◆ **Data block**:
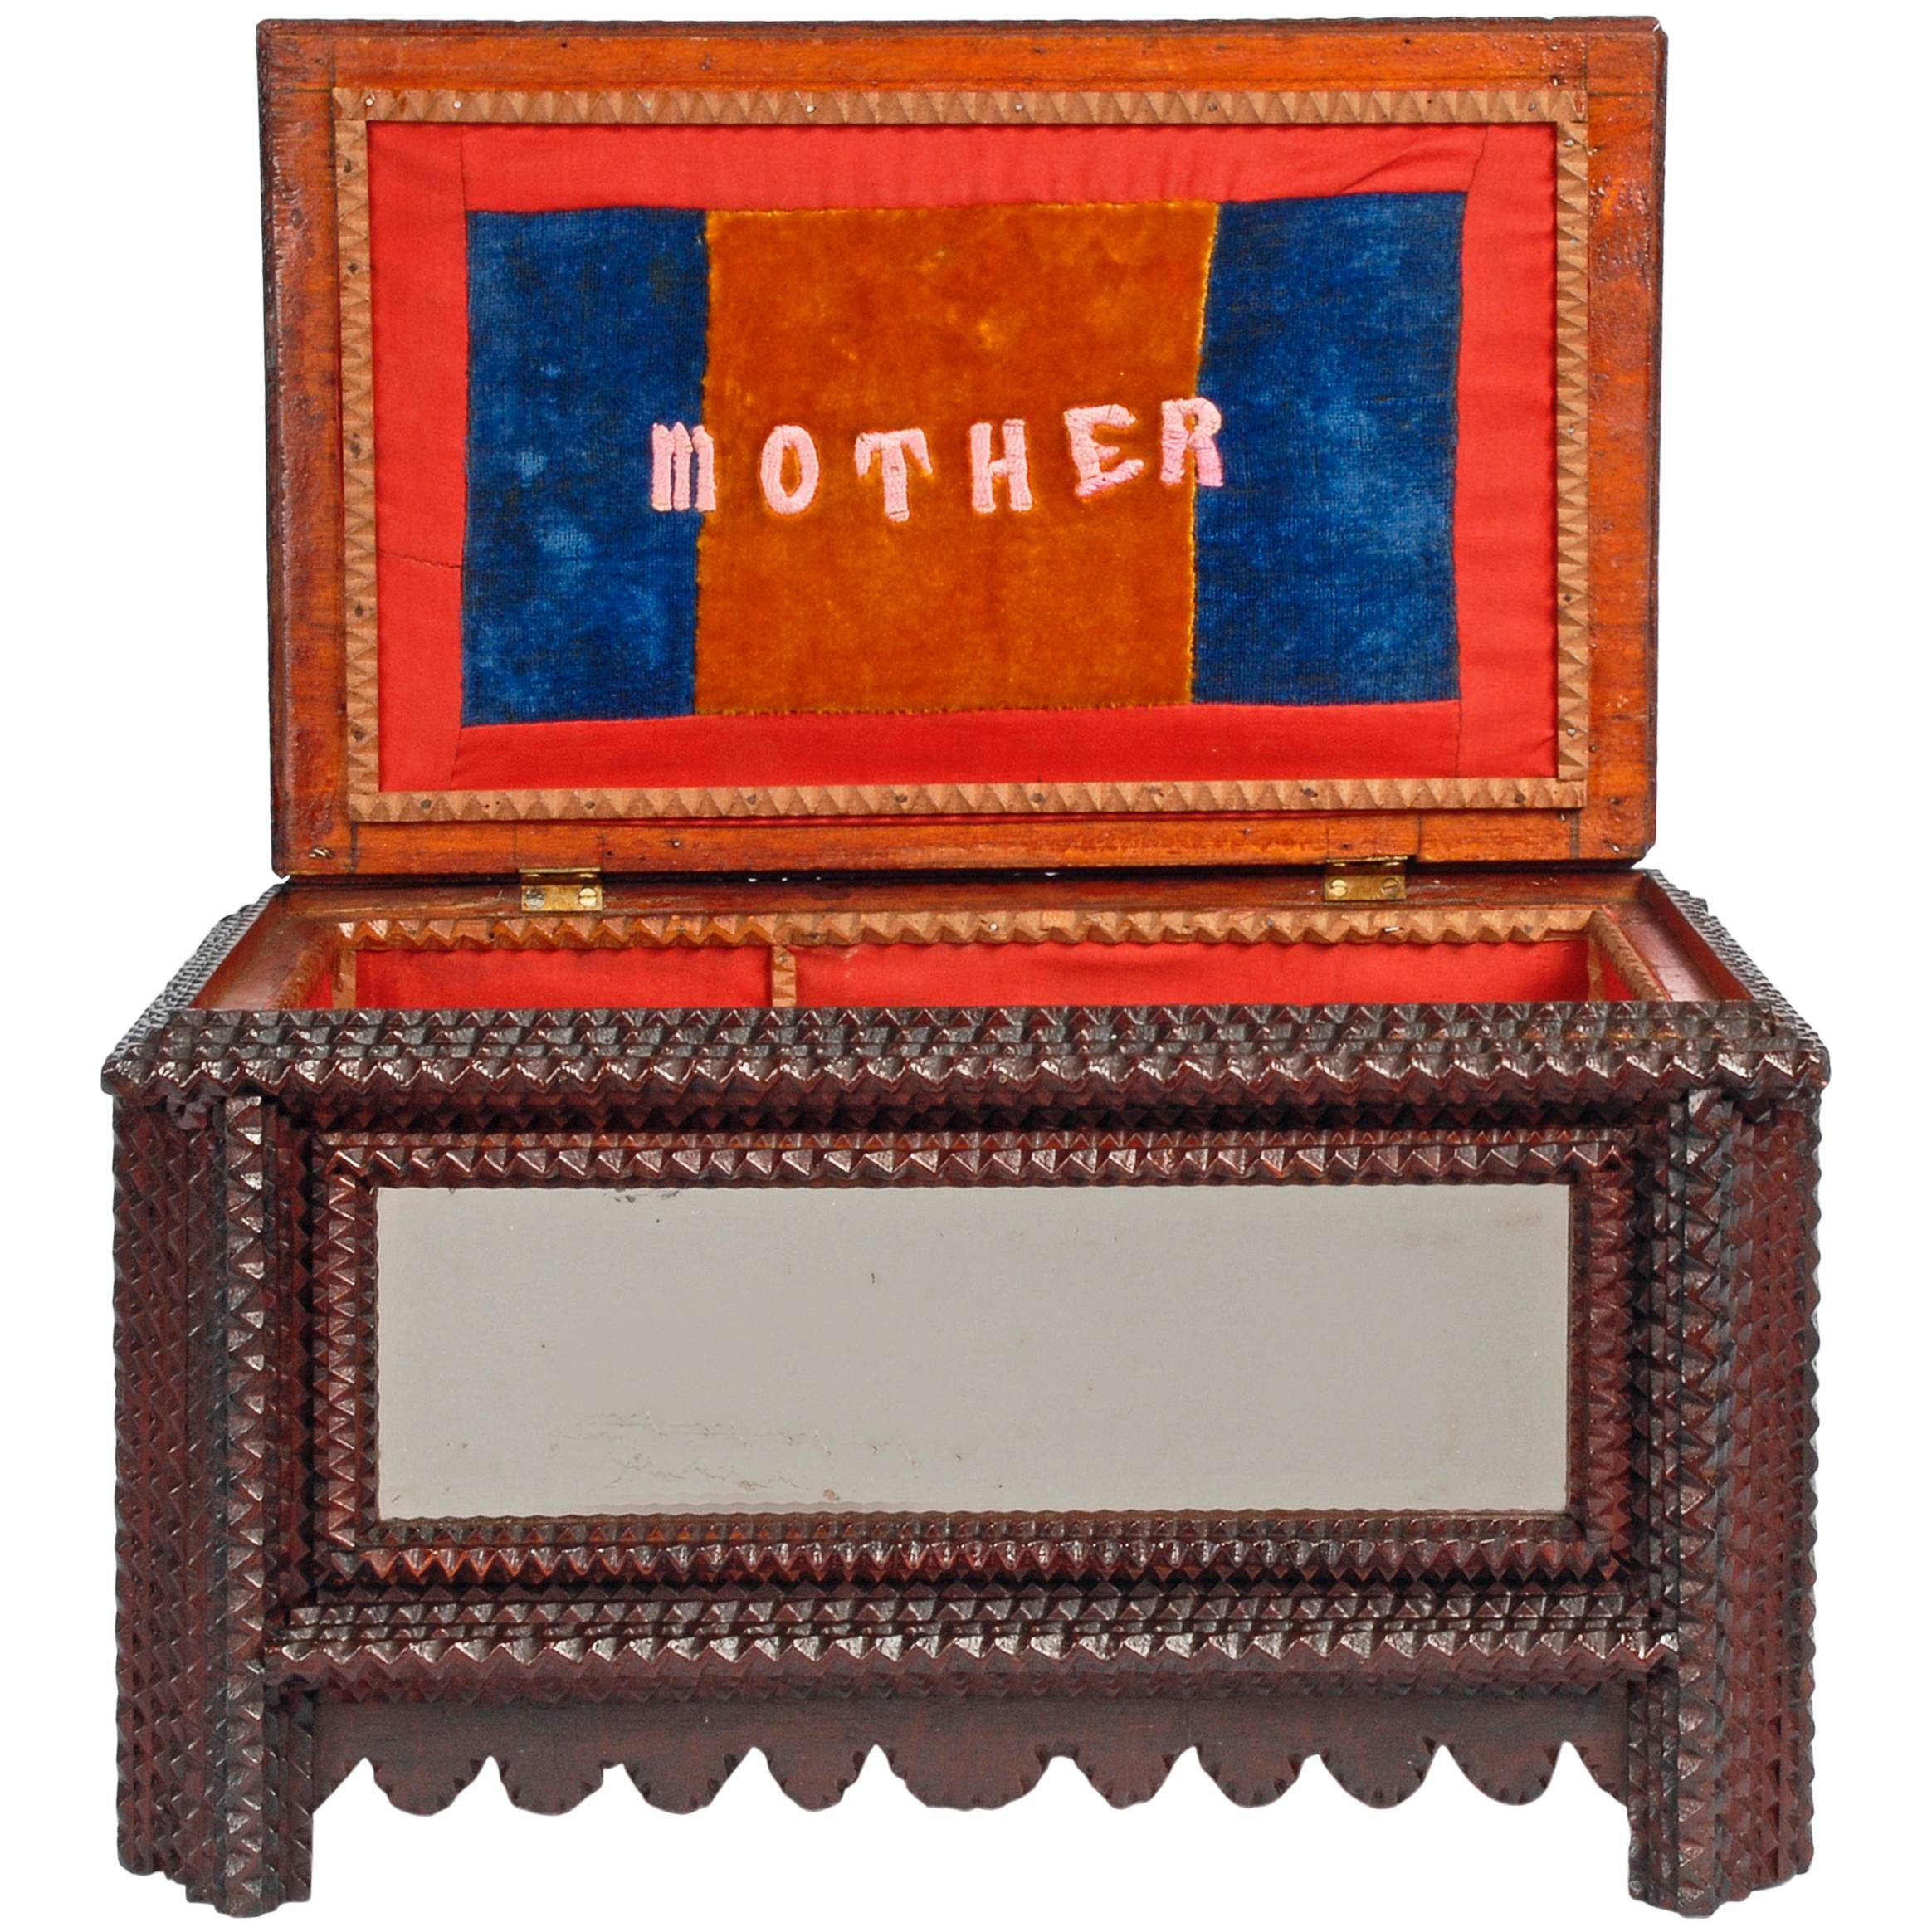 Inspired ‘Mother’ Tramp Art Box
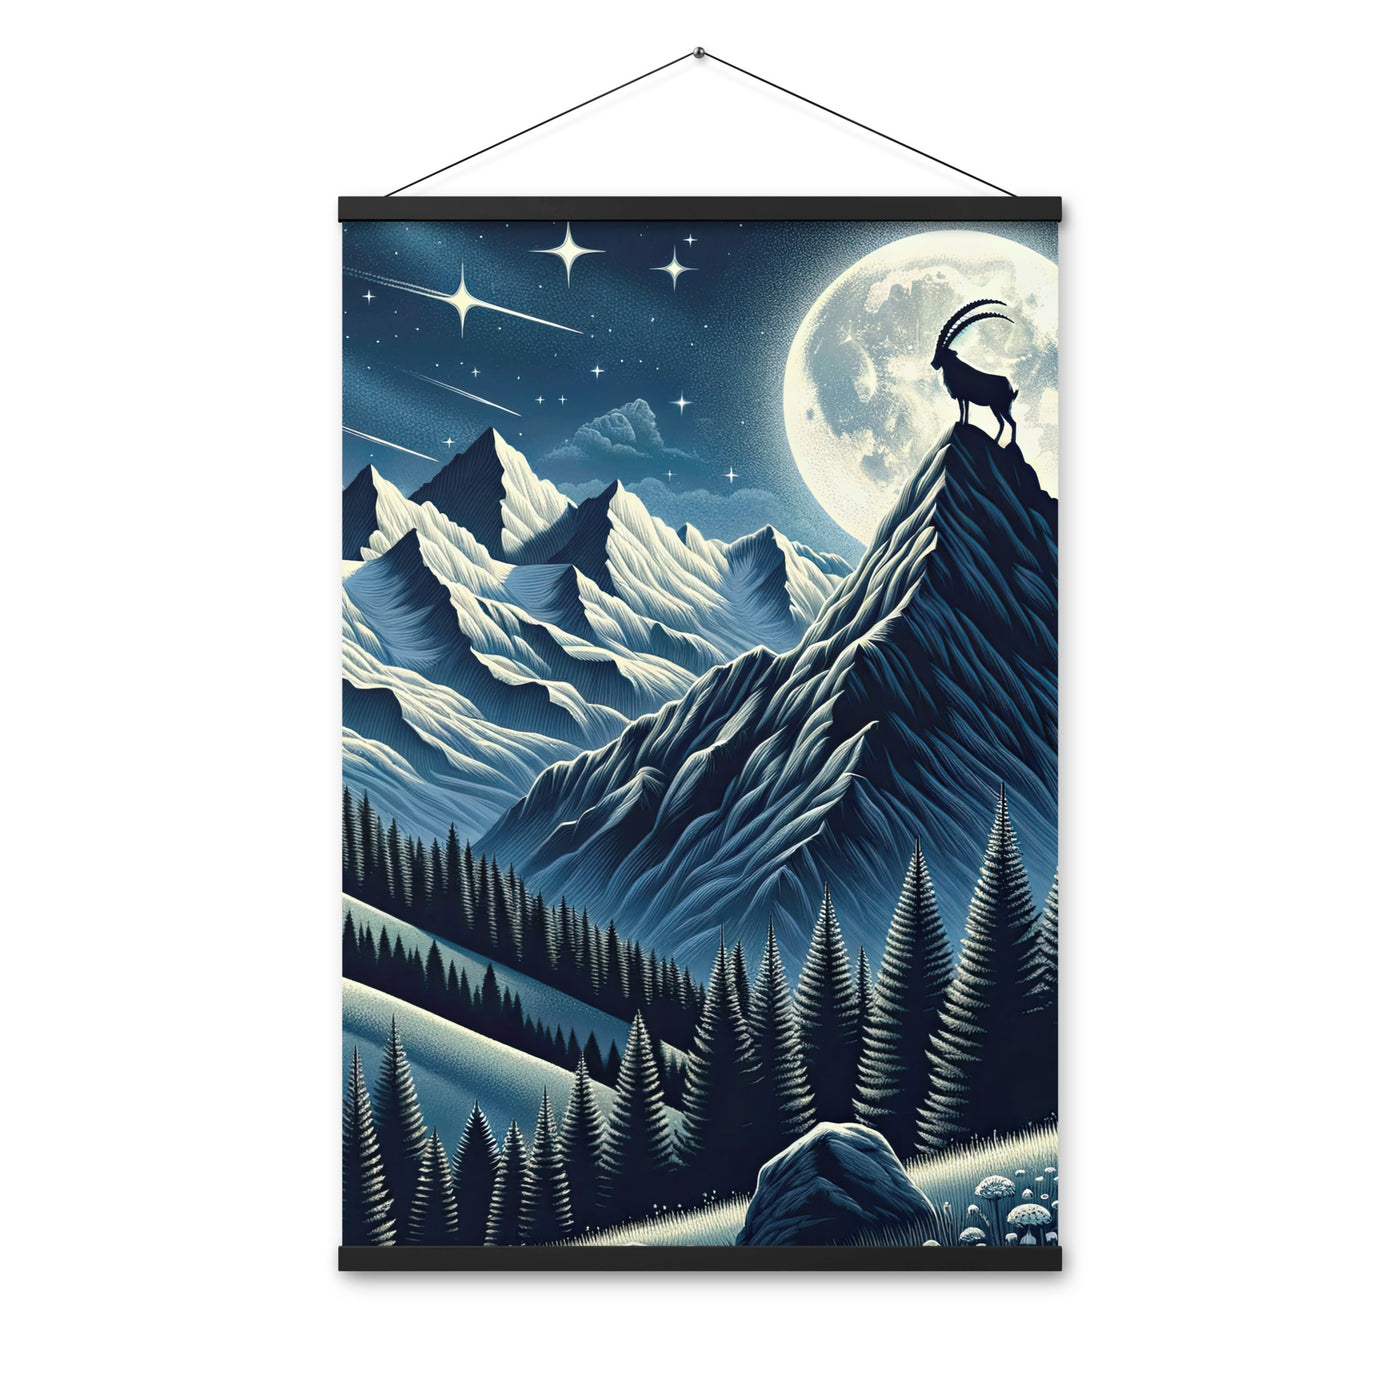 Steinbock in Alpennacht, silberne Berge und Sternenhimmel - Premium Poster mit Aufhängung berge xxx yyy zzz 61 x 91.4 cm
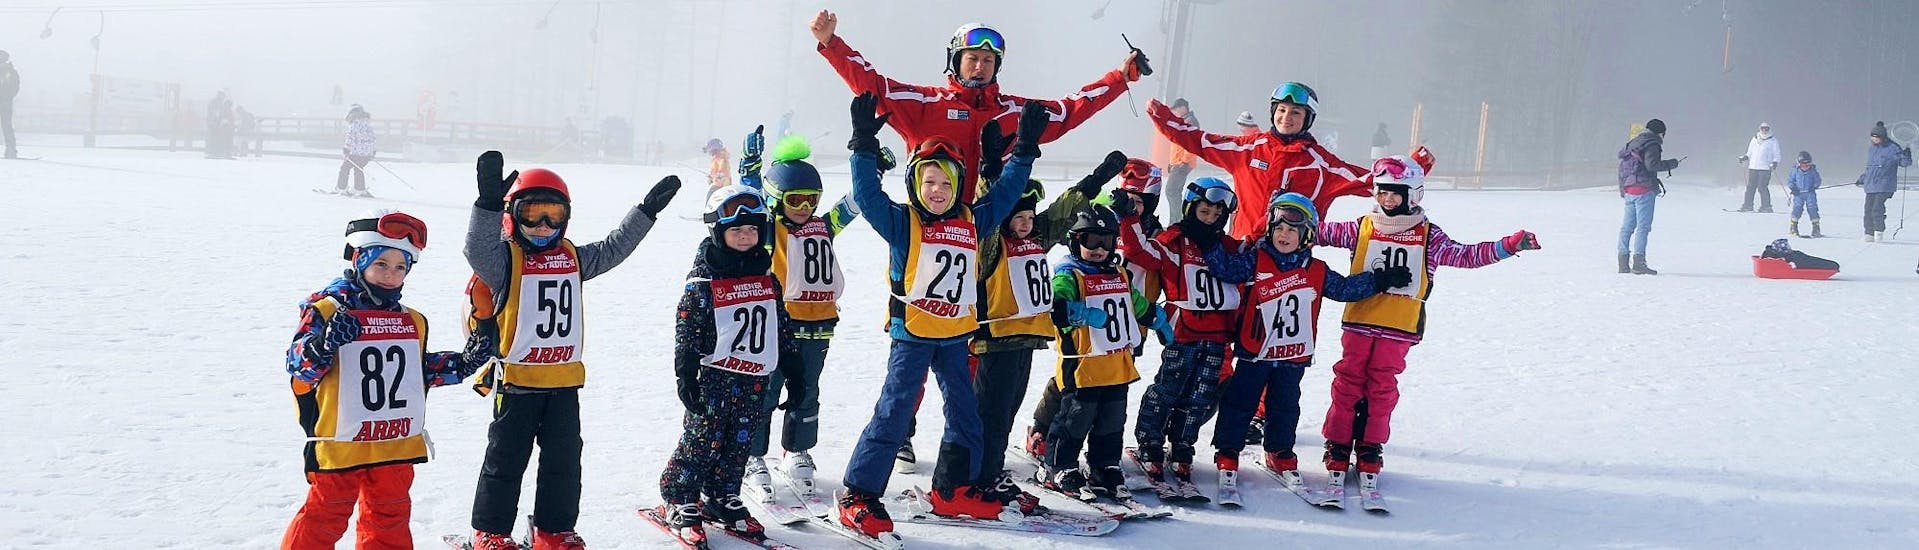 kids-ski-lessons-bambini-3-5-y-halfday-holidays-skischule-semmering-hero
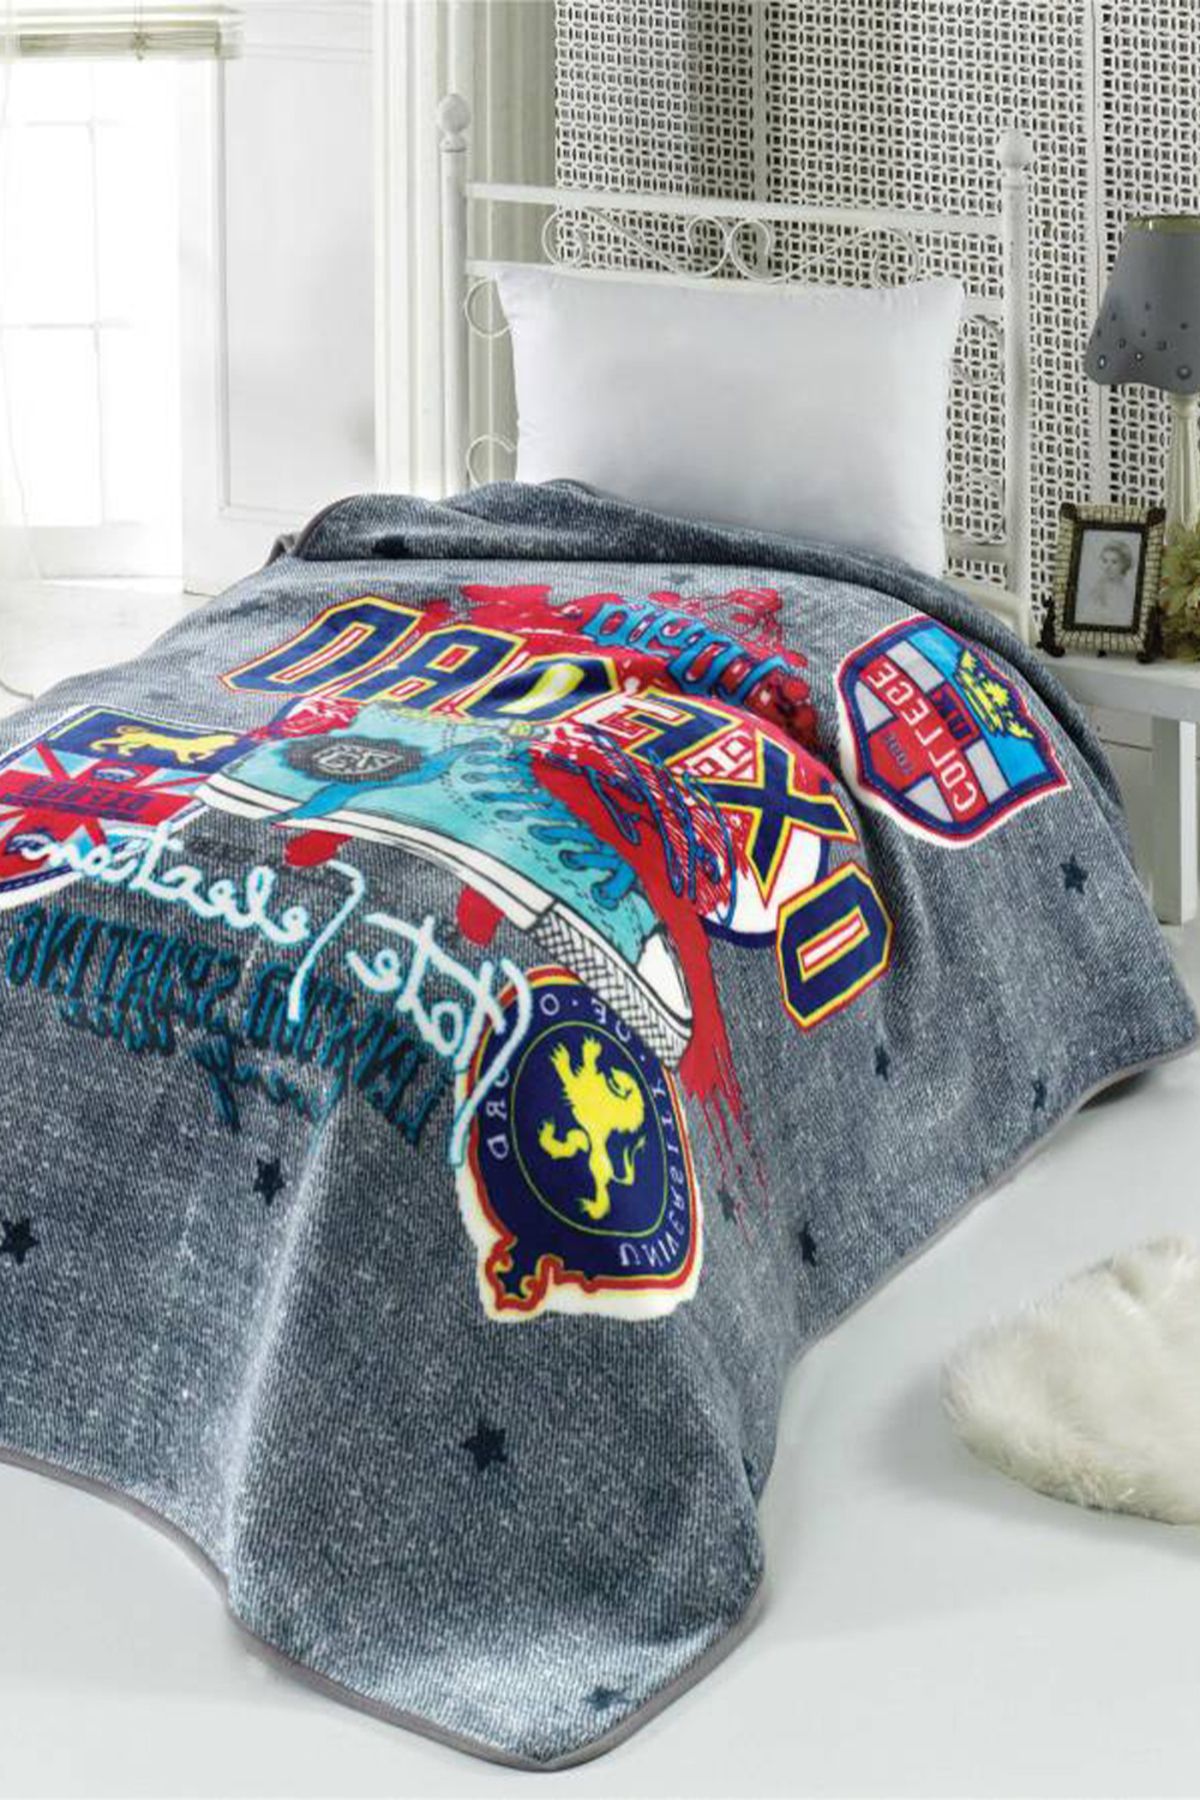 MİNK Mink Collage Standart Licence Tek Kişilik Battaniye/Yatak Örtüsü 160*220 cm

◆ **Exercise goal**: Retype the data above exactly; pictures are not part of the copy.

◆ **Response to the task**:
 Inspired ‘Mother’ Tramp Art Box
 Steinbock in Alpennacht, silberne Berge und Sternenhimmel - Premium Poster mit Aufhängung berge xxx yyy zzz 61 x 91.4 cm
 kids-ski-lessons-bambini-3-5-y-halfday-holidays-skischule-semmering-hero
 MİNK Mink Collage Standart Licence Tek Kişilik Battaniye/Yatak Örtüsü 160*220 cm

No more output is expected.